David B. Pittman –
New business development downtown “has hit a frenetic pace,” according to Downtown Tucson Partnership CEO Michael Keith.
The completion of new restaurants and clubs, opening of new retail shops and building of a new boutique hotel and luxury apartments are just part of the picture. The greater impact comes from construction of the modern streetcar and an estimated $280 million in infrastructure investments made by Cox Communications, local utilities and other businesses.
Keith said when planning for streetcar construction was underway, city officials and others backing downtown development realized that many infrastructure improvements could be performed in tandem with trenching work needed for the streetcar. Some infrastructure work did piggy-back streetcar construction. Other recent improvements were performed independently.
Infrastructure improvements were made by Tucson Electric Power, Southwest Gas, Century Link, Tucson Water, Pima County Wastewater, Cox Communications and other smaller fiber-optic firms.
“These companies not only took advantage of the opportunity to improve existing services – but more importantly – to expand capacity for future development,” Keith said.
Keith expects about $100 million in new downtown business construction to be completed in 2014 and estimates that number to grow to as much as $1 billion over the next decade. He said those projections were based on expectations that under-utilized downtown properties would be redeveloped to higher zoning levels.
Pamela A. Crim, director of Cox Business Sales in Southern Arizona, said the company installed 3.25 miles of upgraded fiber optics – roughly the length of 57 football fields – to provide “a new state-of-the-art, high-speed communications highway” to downtown occupants.
“Businesses locating downtown and their customers are very high-tech,” Crim said. “They don’t want any buffering or slow speeds. They want the best technology available – and that is exactly what they are getting.”
Cox began the planning and permitting process for the downtown infrastructure improvements at the beginning of 2013. The company broke ground downtown last summer and completed its infrastructure project in February of this year. Crim said the process – which required a great deal of excavation and trenching work – went incredibly smoothly, largely because of the cooperation provided by the City of Tucson.
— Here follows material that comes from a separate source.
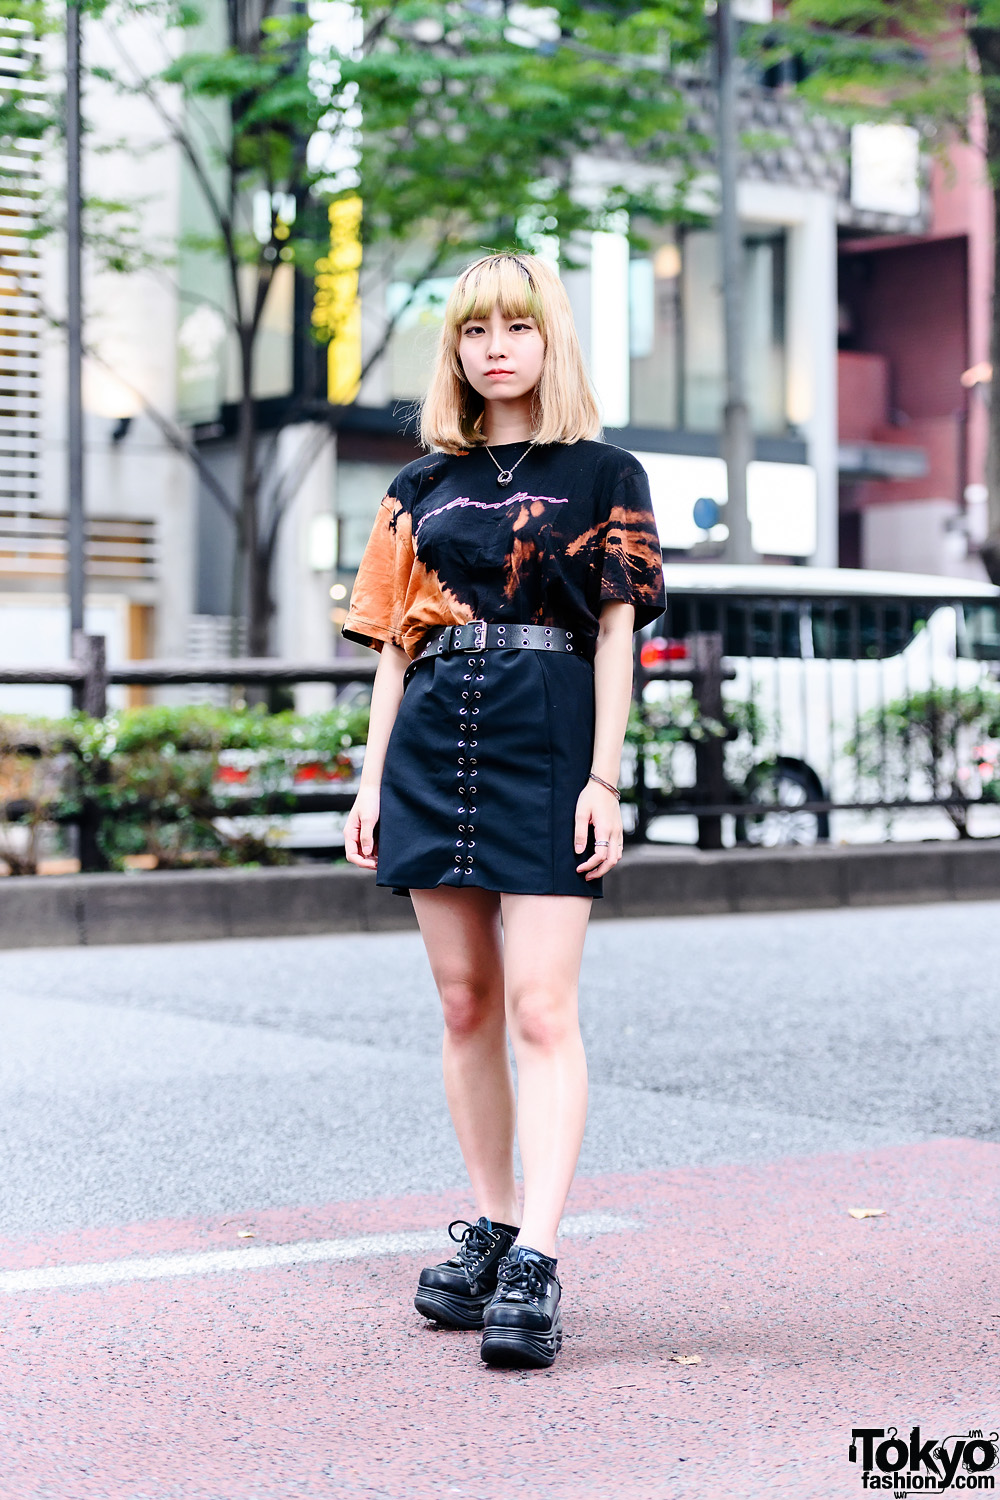 Harajuku Girl Streetwear Style w/ Blonde Bob, Remake Instinctive T-Shirt, Lace-Up Skirt, Bless Accessories & Yosuke Shoes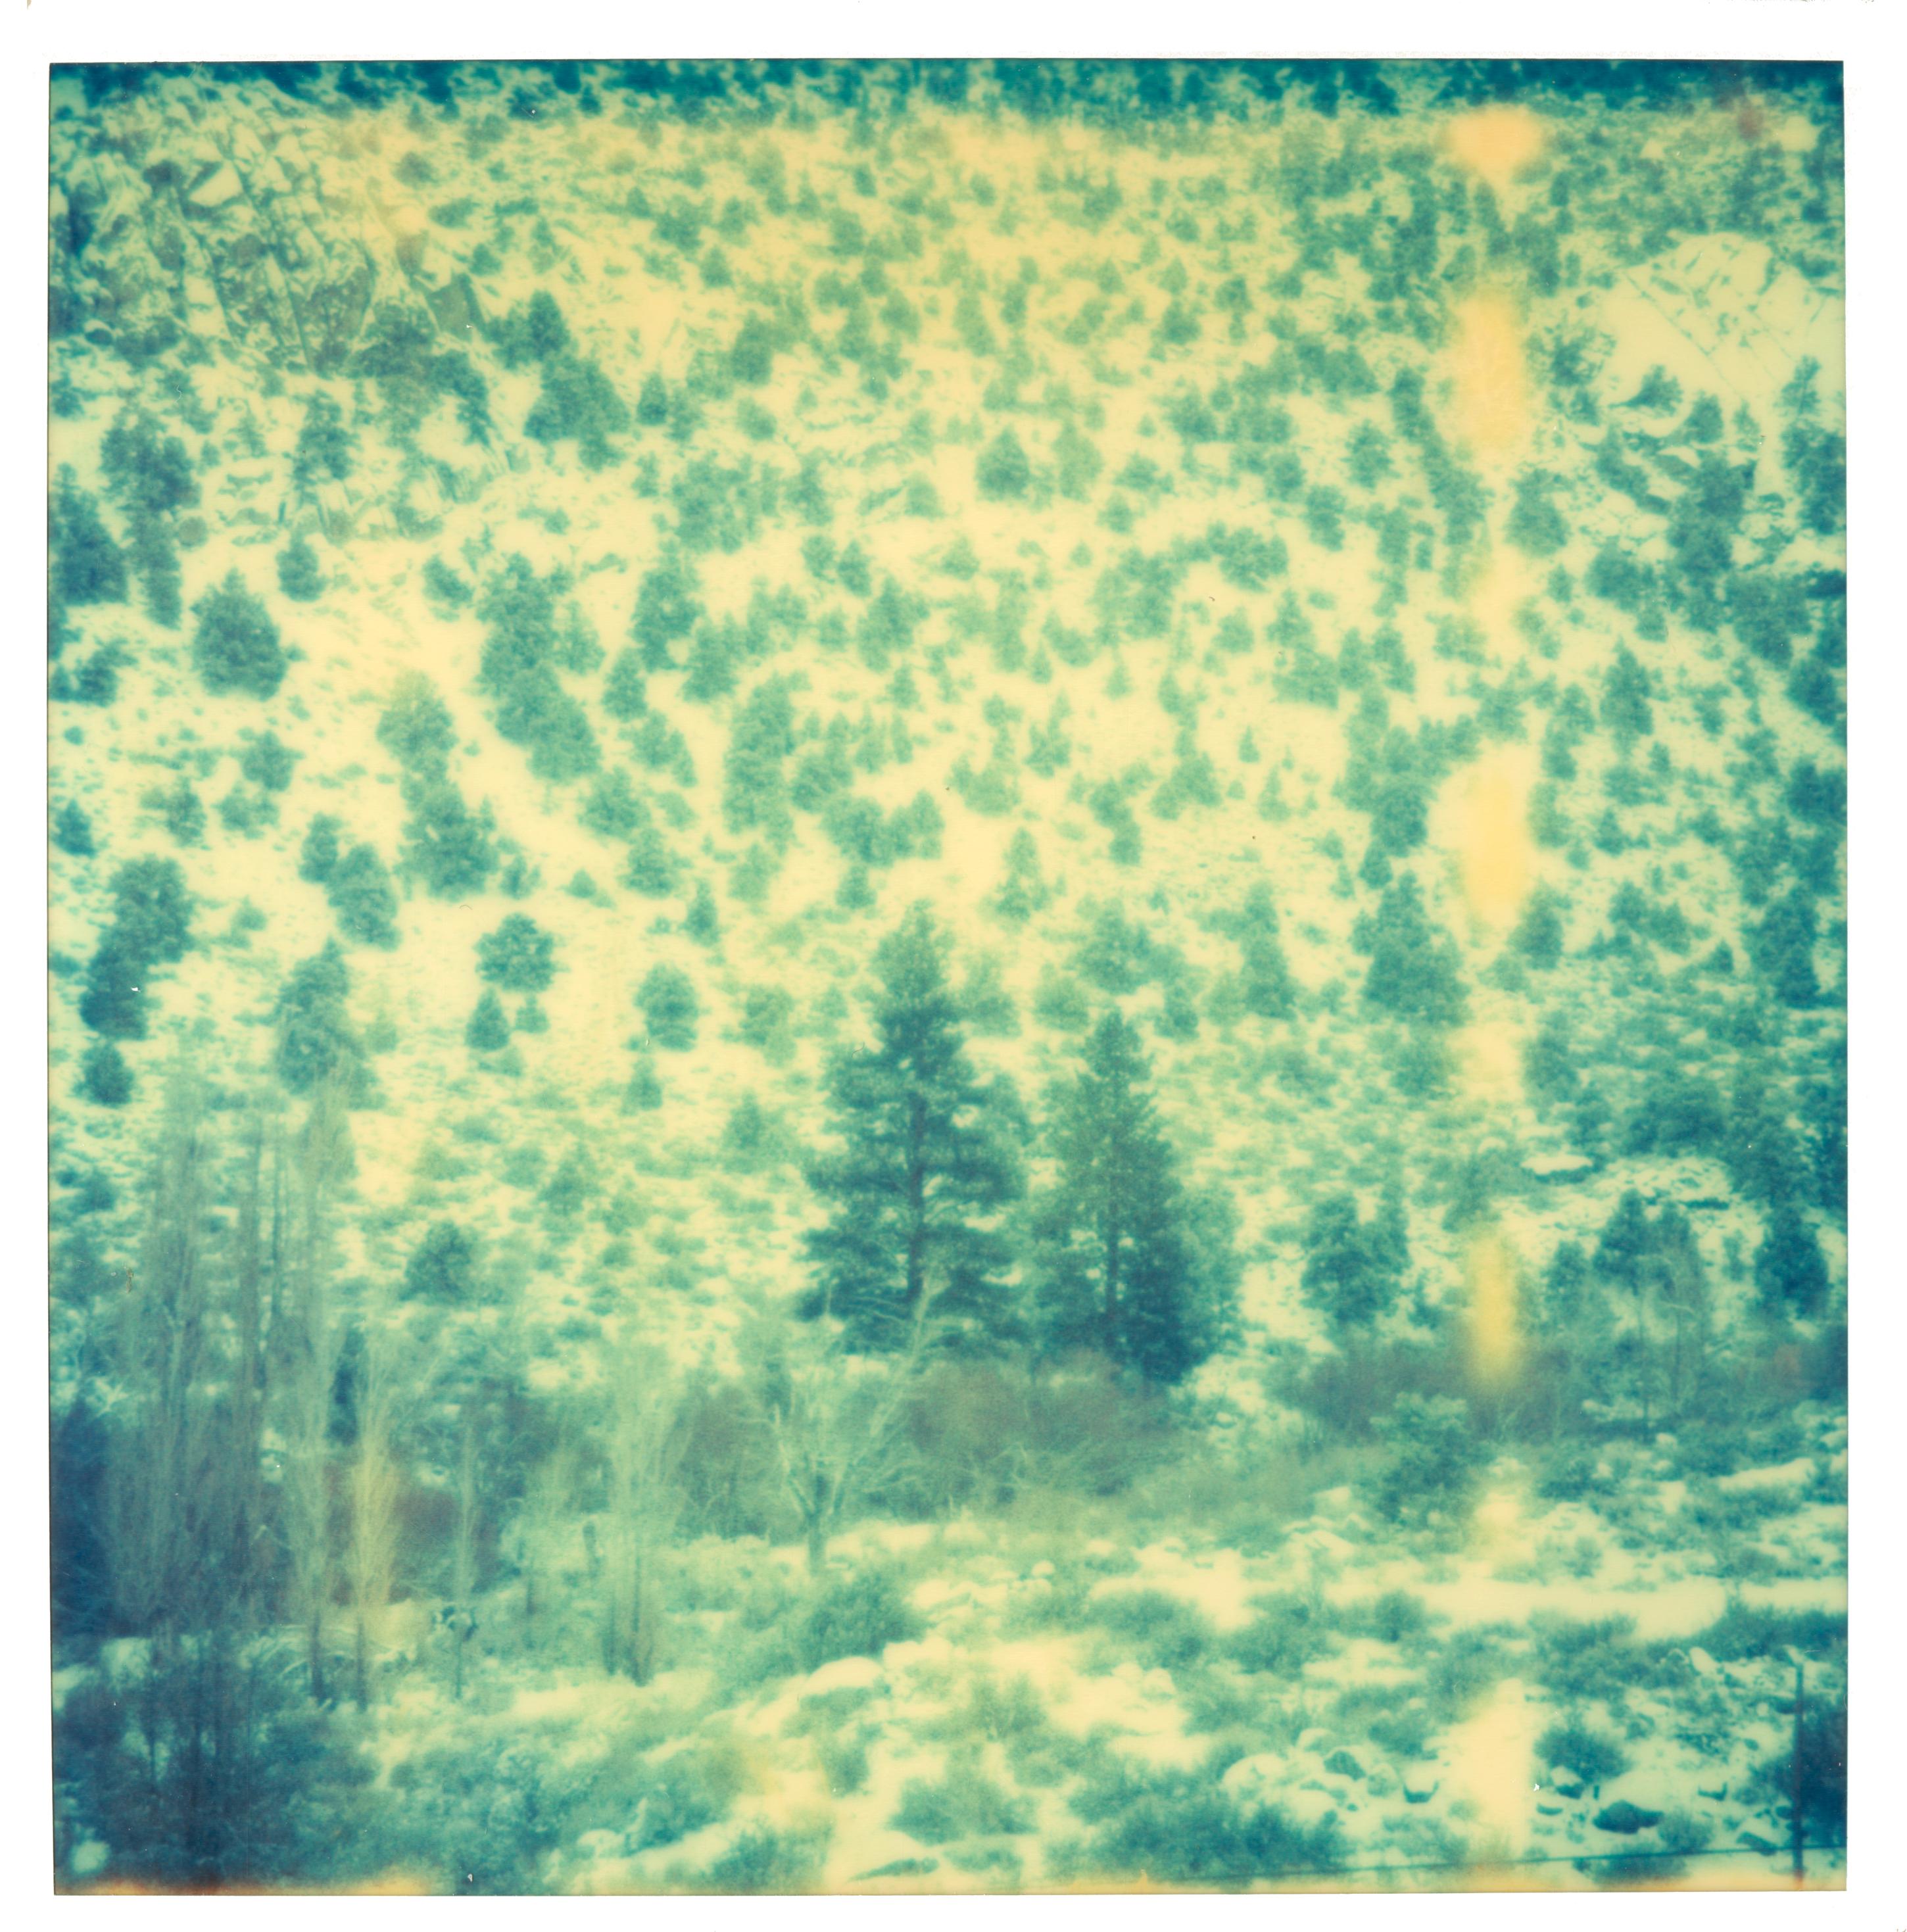 Magic Mountain 1 (Memories of Green) analogique, expiré, paysage

“Very early in the process, City Manager Richard Miranda assigned a representative from his office, Andy Squire, as a liaison to work with our construction team to ensure that if we needed guidance we had access to the proper people,” Crim said.
For his part, Squire, an economic development specialist, credited the work of Ernie Duarte, director of the city planning and development services department, and Jonathan Mabry, the city’s historic preservation officer, for the cooperative effort from city government that helped guarantee the success of Cox’s infrastructure efforts downtown.
Miranda expressed appreciation to Cox for its commitment to Tucson. “Pam (Crim) and the Cox business team have been terrific partners,” he said. “Tucson is better positioned to attract technology-driven businesses if we have reliable, scalable telecommunications infrastructure in place – and Cox is helping us expand our business-ready footprint.”
Southwest Gas and Tucson Electric Power also completed substantial downtown infrastructure upgrades recently.
“Southwest Gas’s work in the downtown area was not done for purely economic development reasons,” said Libby Howell, administrator of corporate communications for the gas utility.
“We needed to relocate our facilities out of the way of the streetcar route. Whenever we are required to do relocation work in any part of town because of a street project, we take the opportunity to upgrade our facilities to current standards and to analyze our system to ensure that our new system design will deliver appropriate capacity to current customers, as well as accommodate some future growth. For example, when we relocated our main along Granada, our system analysis showed us that slightly larger pipe was warranted, due to growing demand on that line,” Howell said.
TEP completed about $20 million in downtown improvements, including connections to the modern streetcar line, relocation of a dozen power poles to create needed space for the streetcar and new lines and transformers for a new high-voltage line from a west-side substation to a downtown substation, said Joseph Barrios, a TEP spokesman.
Lisa Lovallo is Southern Arizona market VP for Cox and a board member and past chair of Downtown Tucson Partnership. She estimated that private business investment over the past five or six years in downtown Tucson is in the neighborhood of $300 million.
“Along with Cox, dozens of businesses have invested more than $280 million in downtown Tucson,” she said. “The immediate and long-term impacts of these investments will position Tucson for stronger job growth and a more prosperous future.”